Question

The vertices of a triangle OBC are (0, 0), (−3, −1) & (−1, 3) respectively Then the equation of the line parallel to BC which is at $\dfrac{1}{2}$ from the origin is

A. $\text{2x+2y-}\sqrt{\text{2}}=0$

B. $\text{2x+2y-}\sqrt{\text{2}}=0$

C. $\text{2x-2y+}\sqrt{\text{2}}=0$

D. None of these.

Answer 1

Hint: First, try to compute the slope of the line BC. As the required line is parallel to the side BC, therefore the slope will be the same. Now find the intercept to get the equation.

Complete step by step solution: 

Vertices of the triangle are:-

O (0, 0), B (−3, −1), C (−1, 3)

Slope of BC:-$\dfrac{\text{3+1}}{\text{-1+3}}\text{=2}$

Formula:-slope between $\left( {{x}_{1}},y, \right)$ &\[\left( {{x}_{2}},{{y}_{2}} \right)\] is $\text{m}=\dfrac{{{y}_{2}}-{{y}_{1}}}{{{x}_{2}}-{{x}_{1}}}$

Equation of line is given by $\text{y=mx+c}$

\[\therefore y=2x+c\]

Thus we get m = 2

Distance from the origin is given by

$\text{d=}\left| \dfrac{\text{c}}{\sqrt{\text{1+}{{\text{m}}^{\text{2}}}}} \right|$

\[\therefore \dfrac{\text{1}}{\text{2}}\text{=}\dfrac{\left| \text{c} \right|}{\sqrt{\text{5}}}\]

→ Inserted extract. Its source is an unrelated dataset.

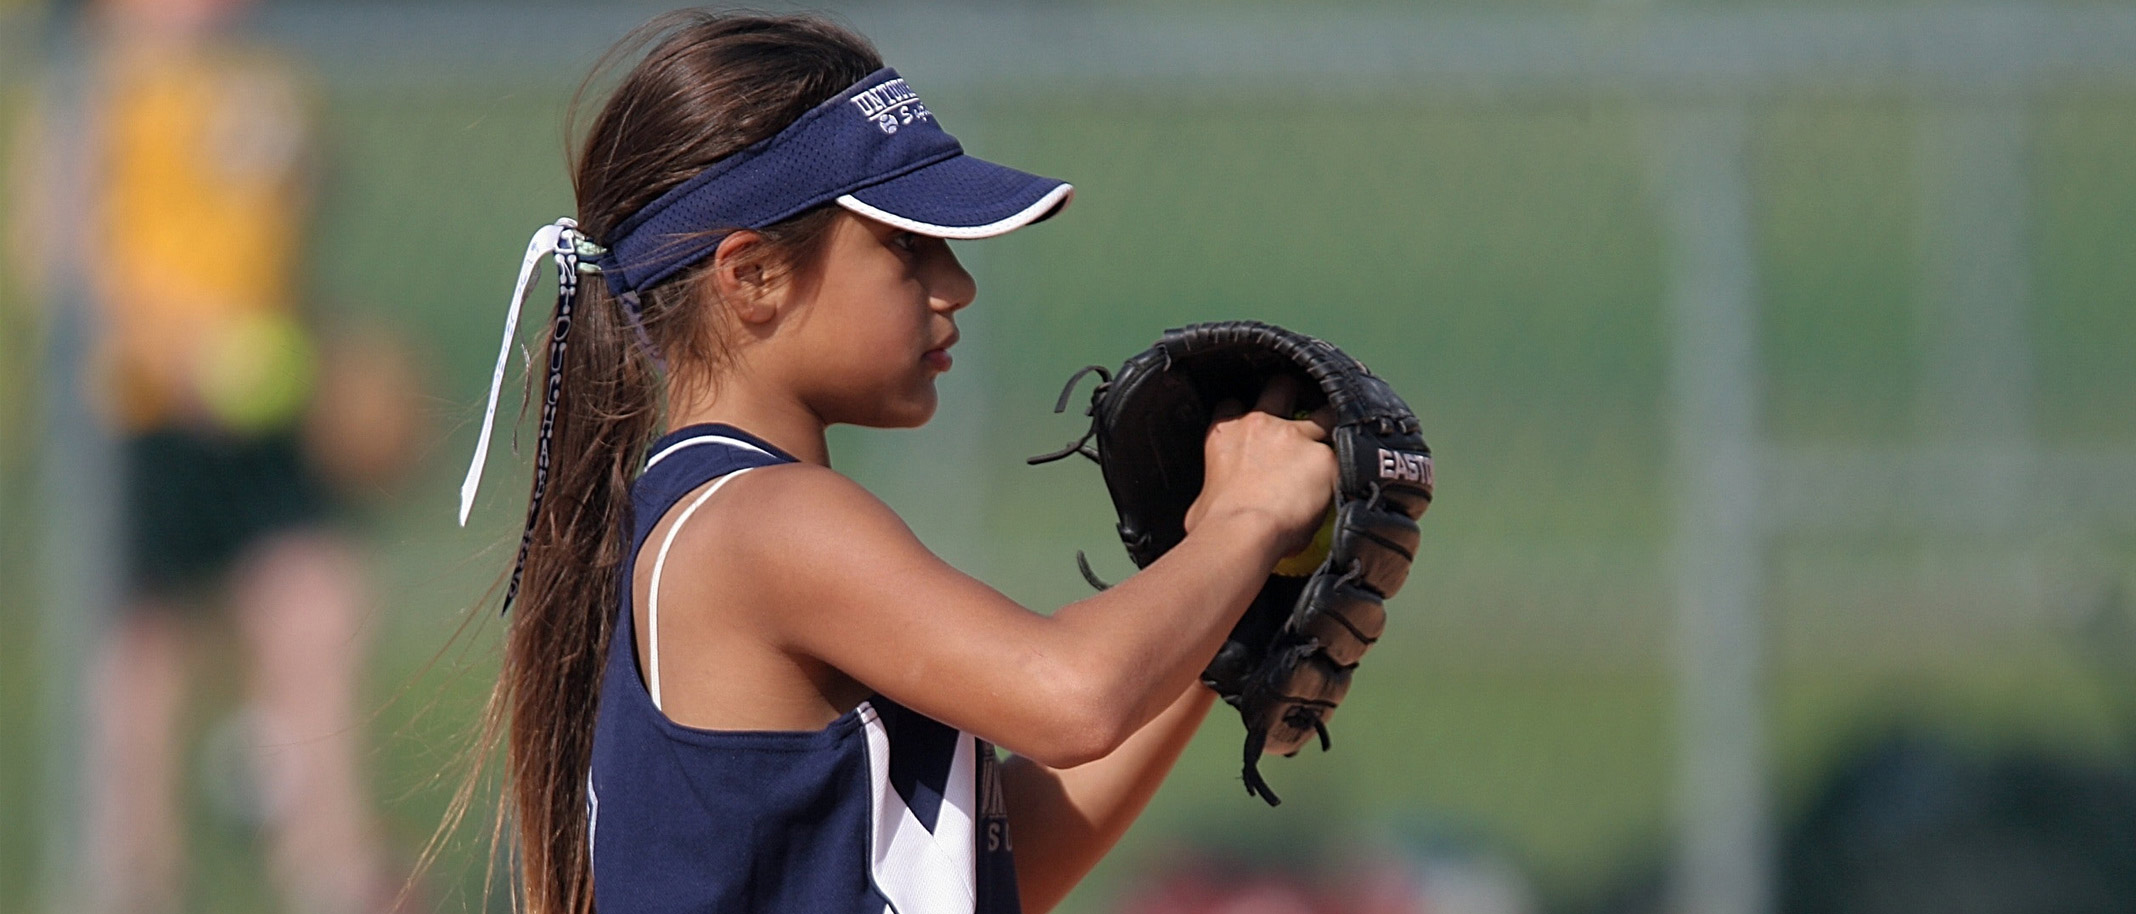 girl-active-baseball-crop2160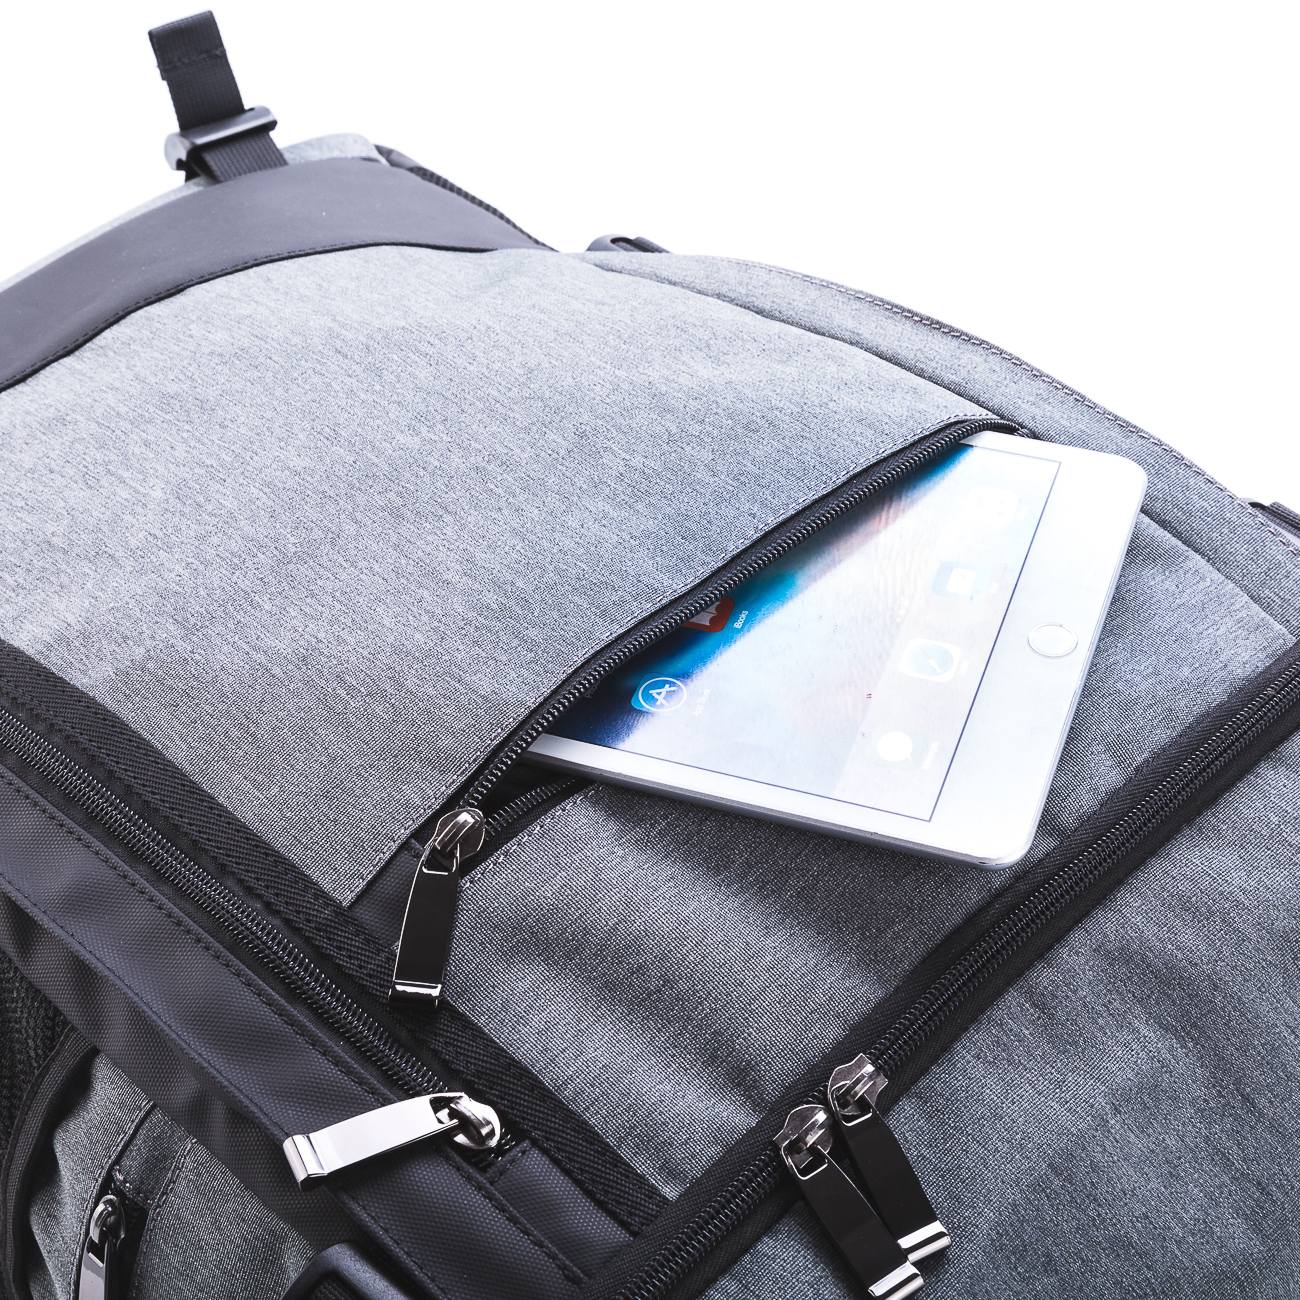 Big Capacity Oxford Travel Laptop Backpack for Men

$\text{c=+}\dfrac{\sqrt{\text{5}}}{\text{2}}\text{,}\dfrac{\text{-}\sqrt{\text{5}}}{\text{2}}$

But c can’t take negative value hence required line equation is $\text{y=2x+}\dfrac{\sqrt{\text{5}}}{\text{2}}$

Therefore, Option (D) is the correct option.

Note: Though we get 2 values for C, we should only choose I value depending on which quadrants the point of the triangle lie Do not forget to take the mod value of C while calculating distance. because distance can’t be negative and this feature can be achieved by using the mod function or modulus.